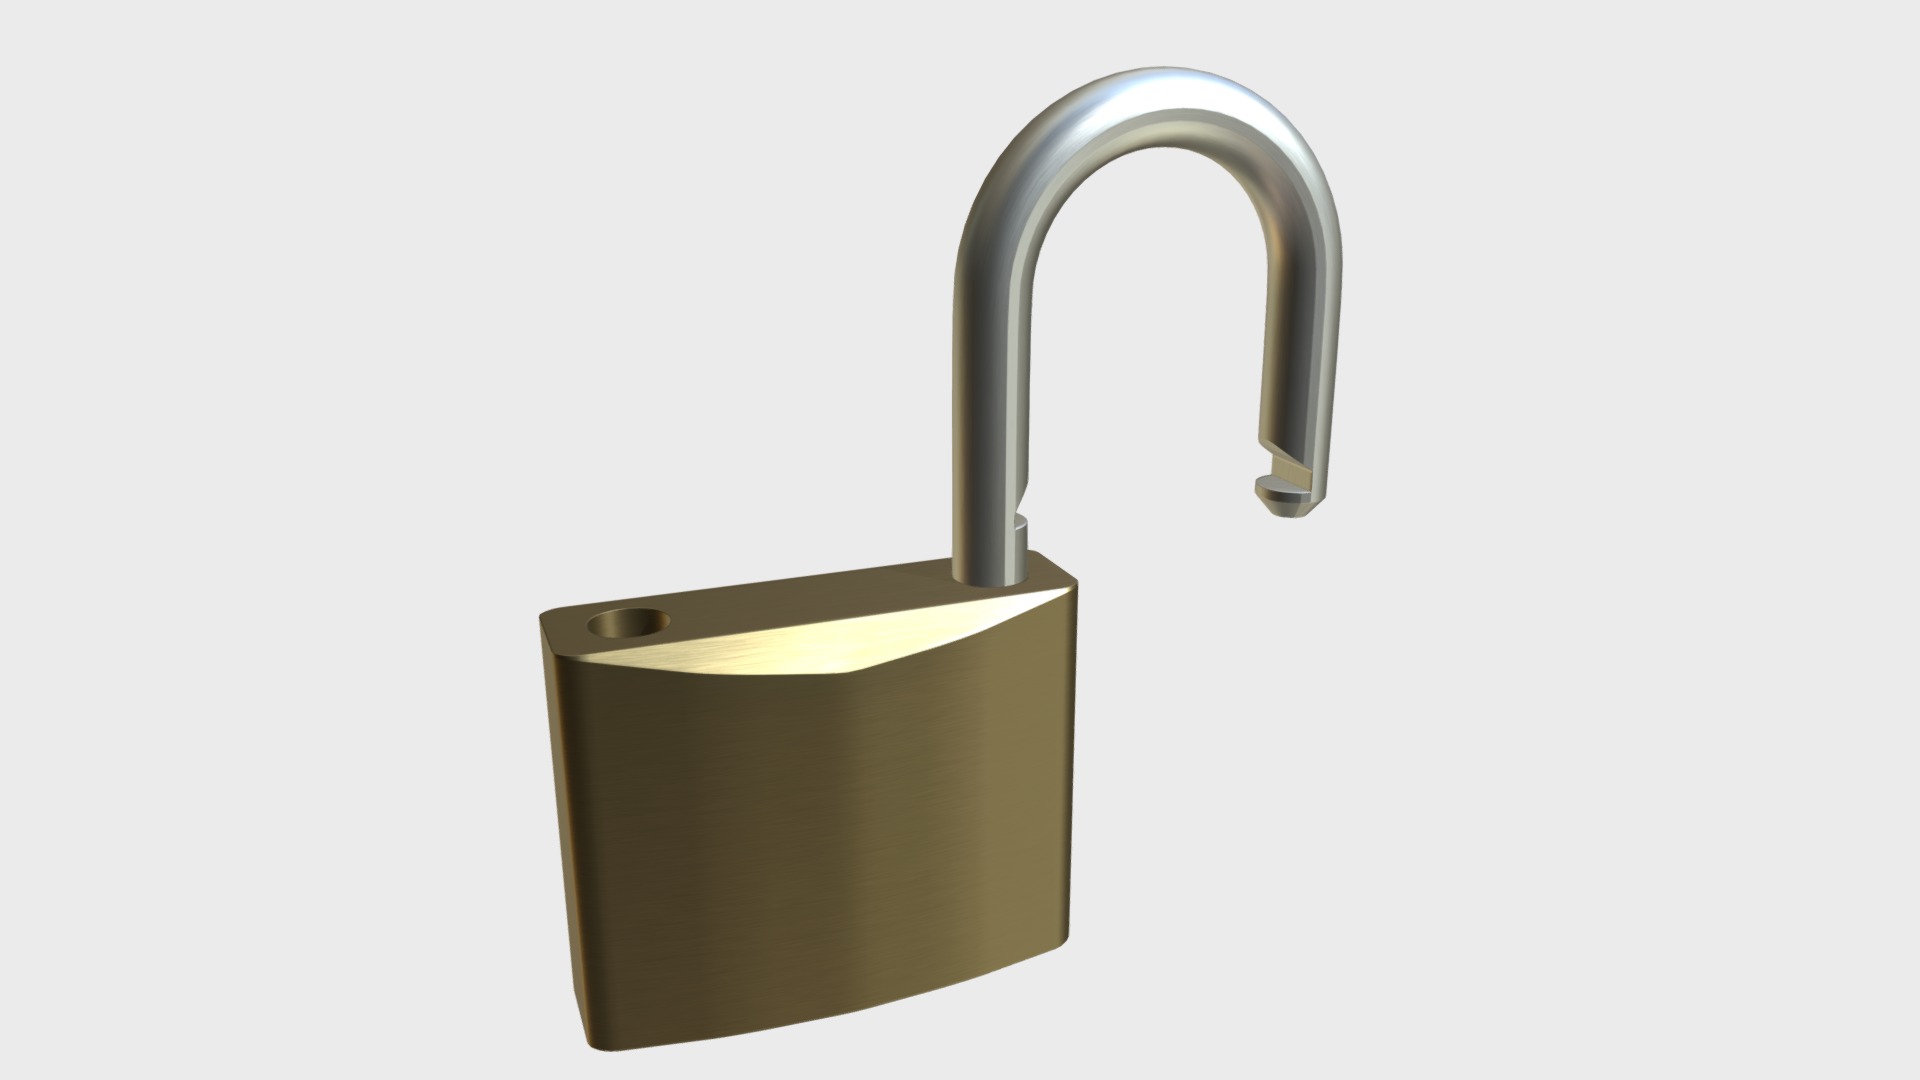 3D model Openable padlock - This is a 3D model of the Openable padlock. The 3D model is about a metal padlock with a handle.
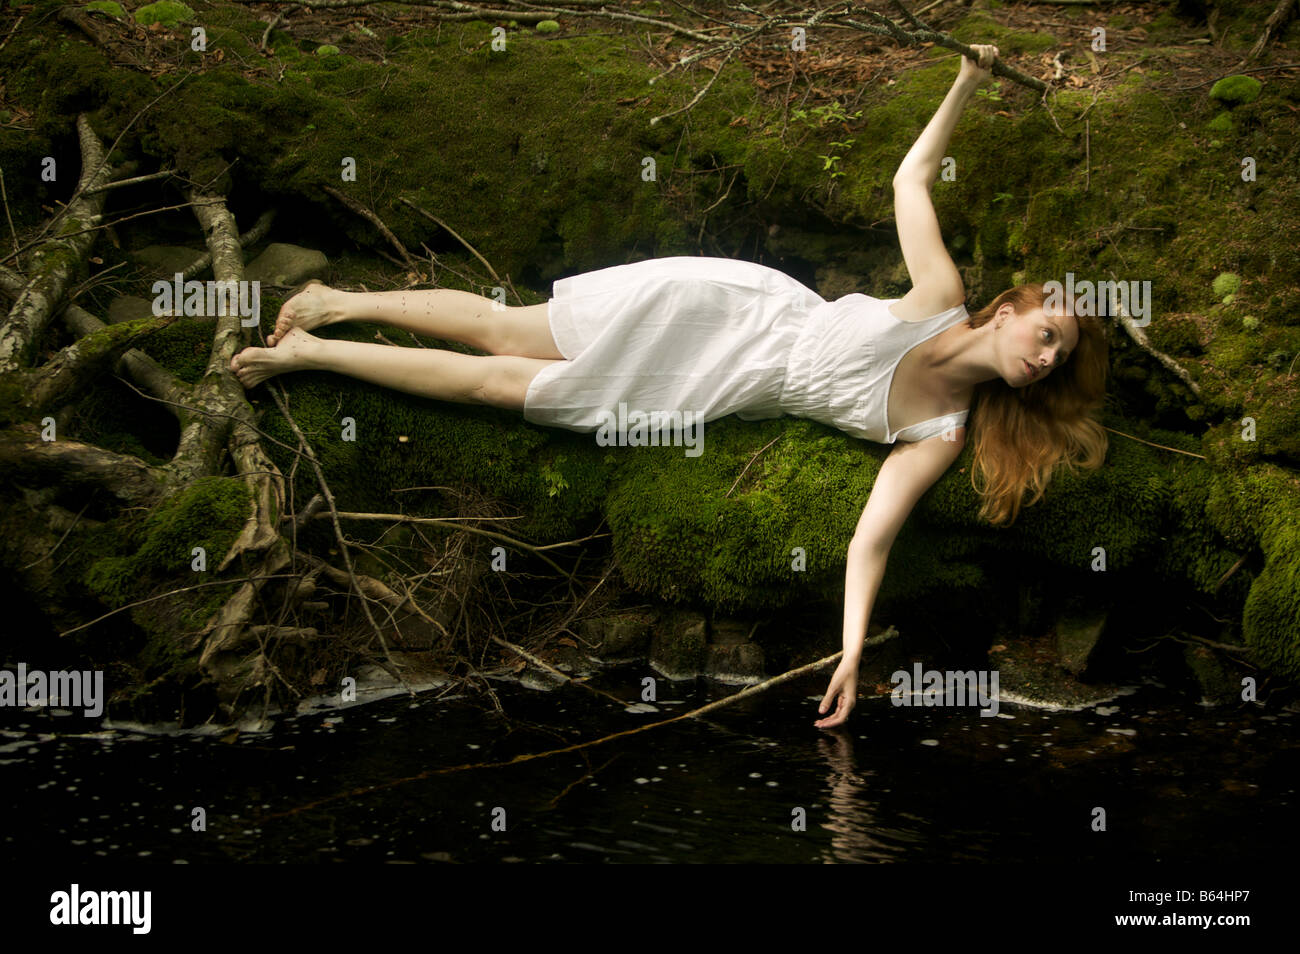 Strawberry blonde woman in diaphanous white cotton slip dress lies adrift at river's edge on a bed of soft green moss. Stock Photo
==
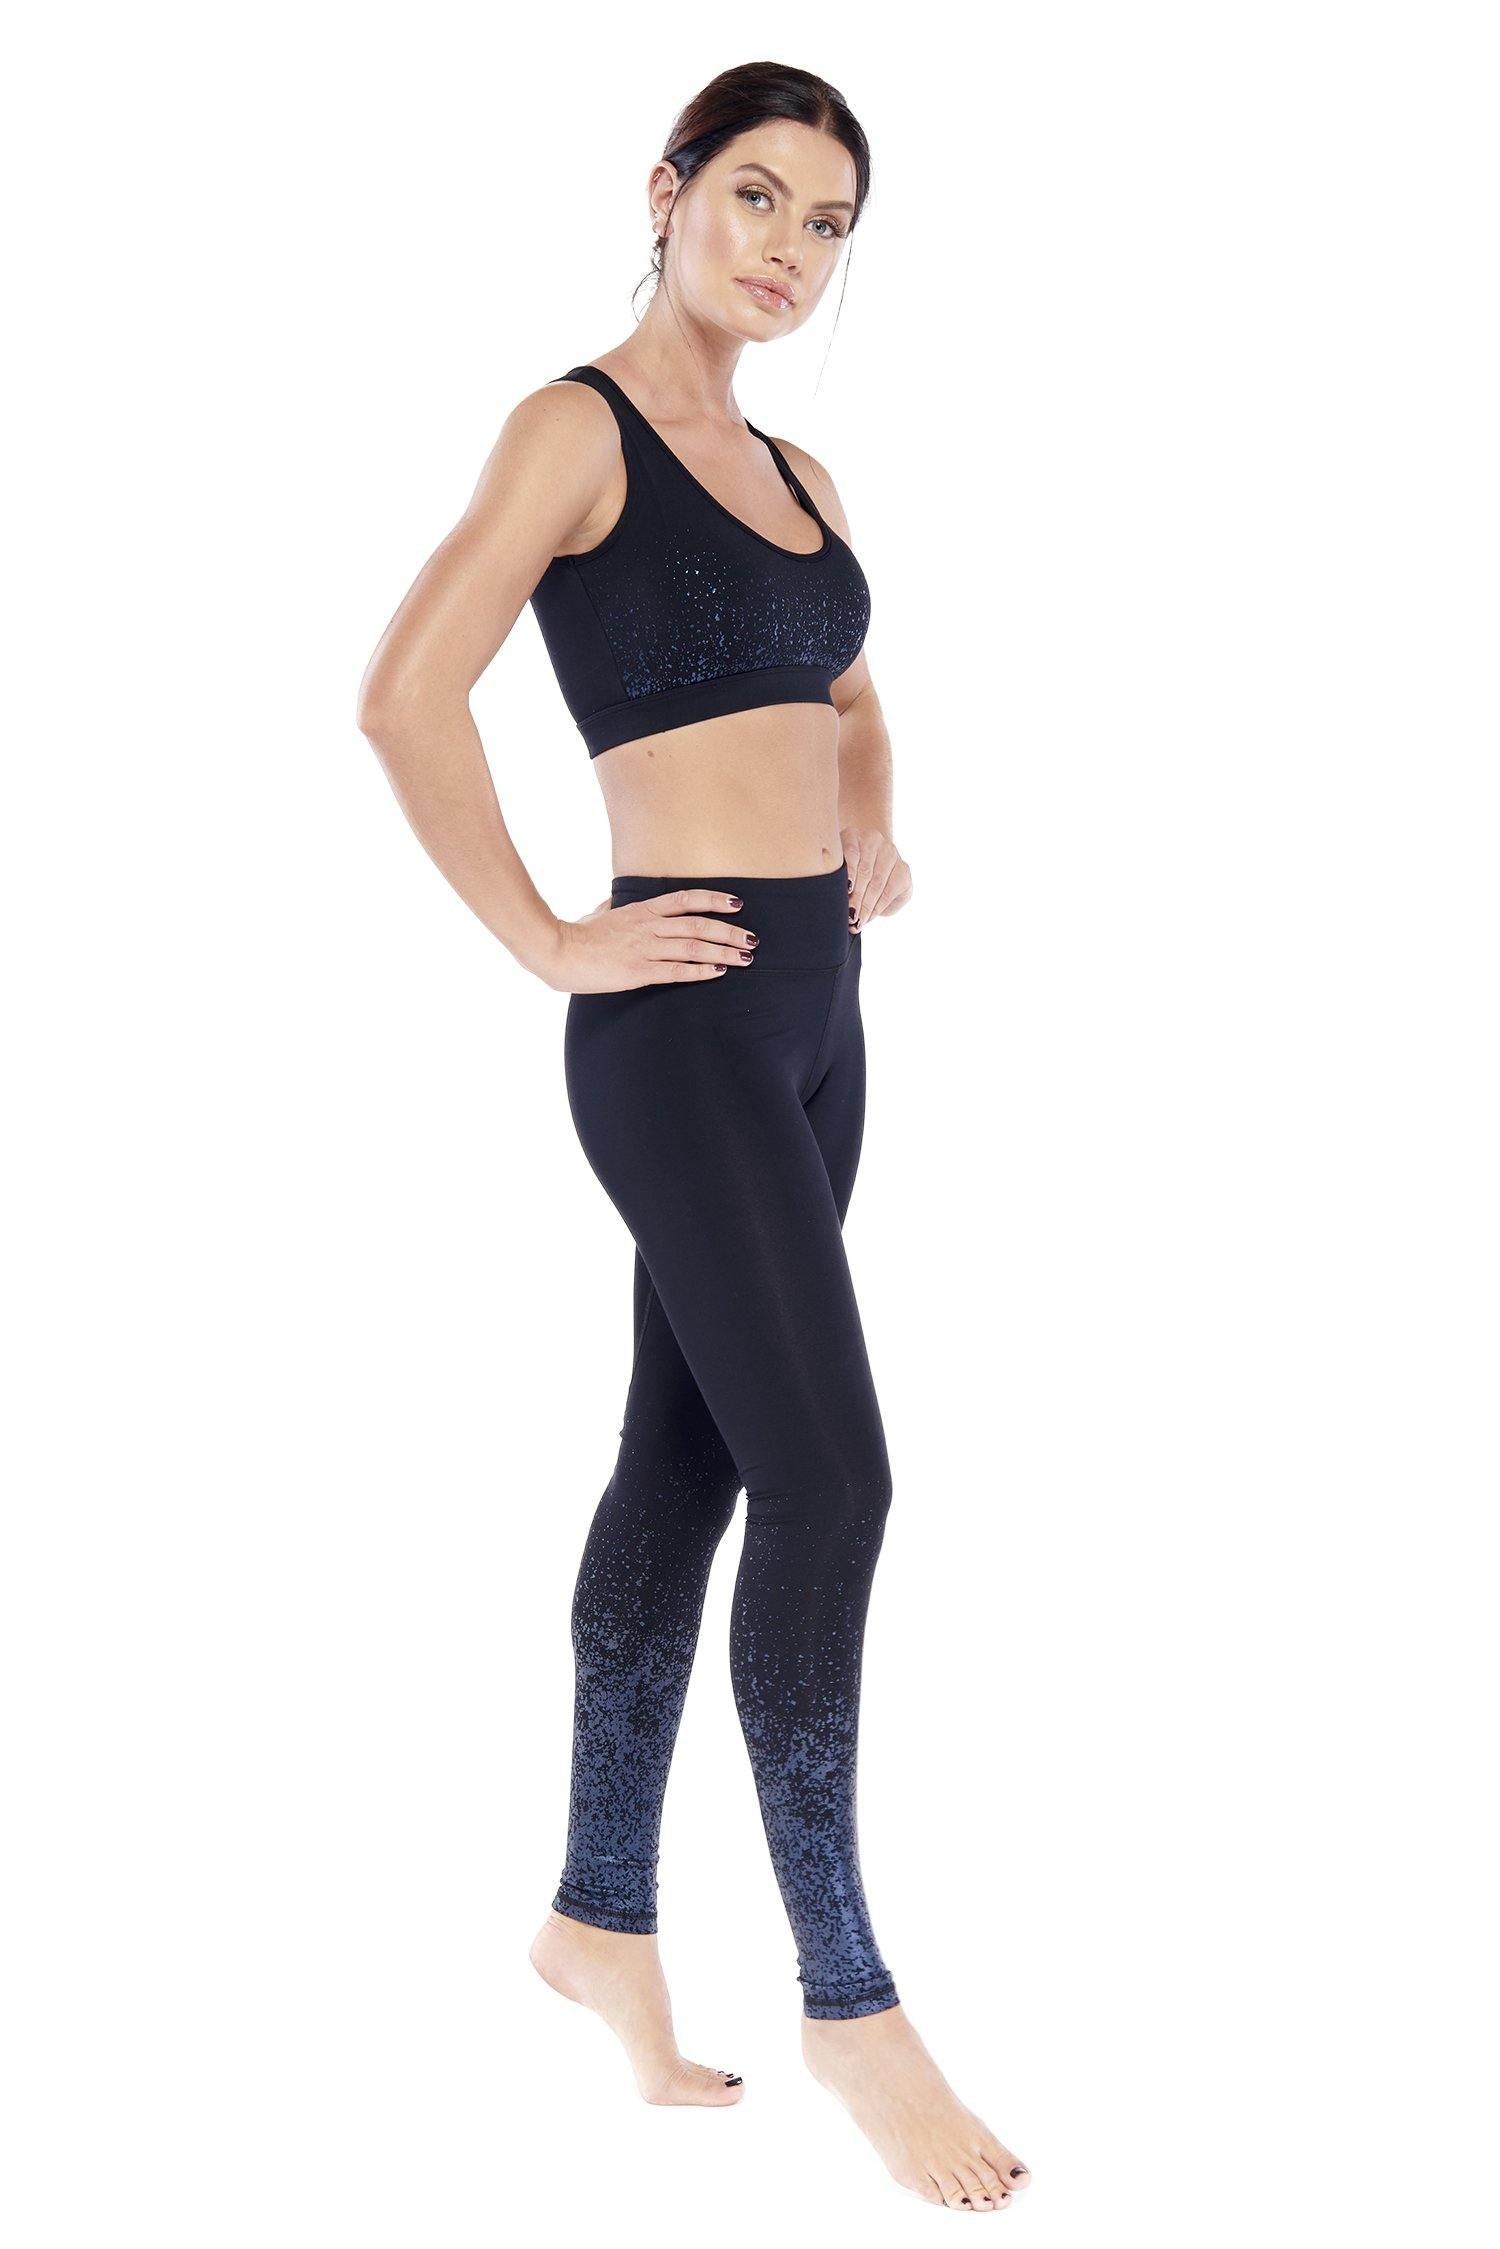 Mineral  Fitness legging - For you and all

▶ [Instructions for the task]
Restate the lines above from the one containing "3D model Openable" through the one containing "Strawberry blonde woman", inclusive, exactly and without pictures.

▶ [Solution below]
 3D model Openable padlock - This is a 3D model of the Openable padlock. The 3D model is about a metal padlock with a handle.
 Strawberry blonde woman in diaphanous white cotton slip dress lies adrift at river's edge on a bed of soft green moss. Stock Photo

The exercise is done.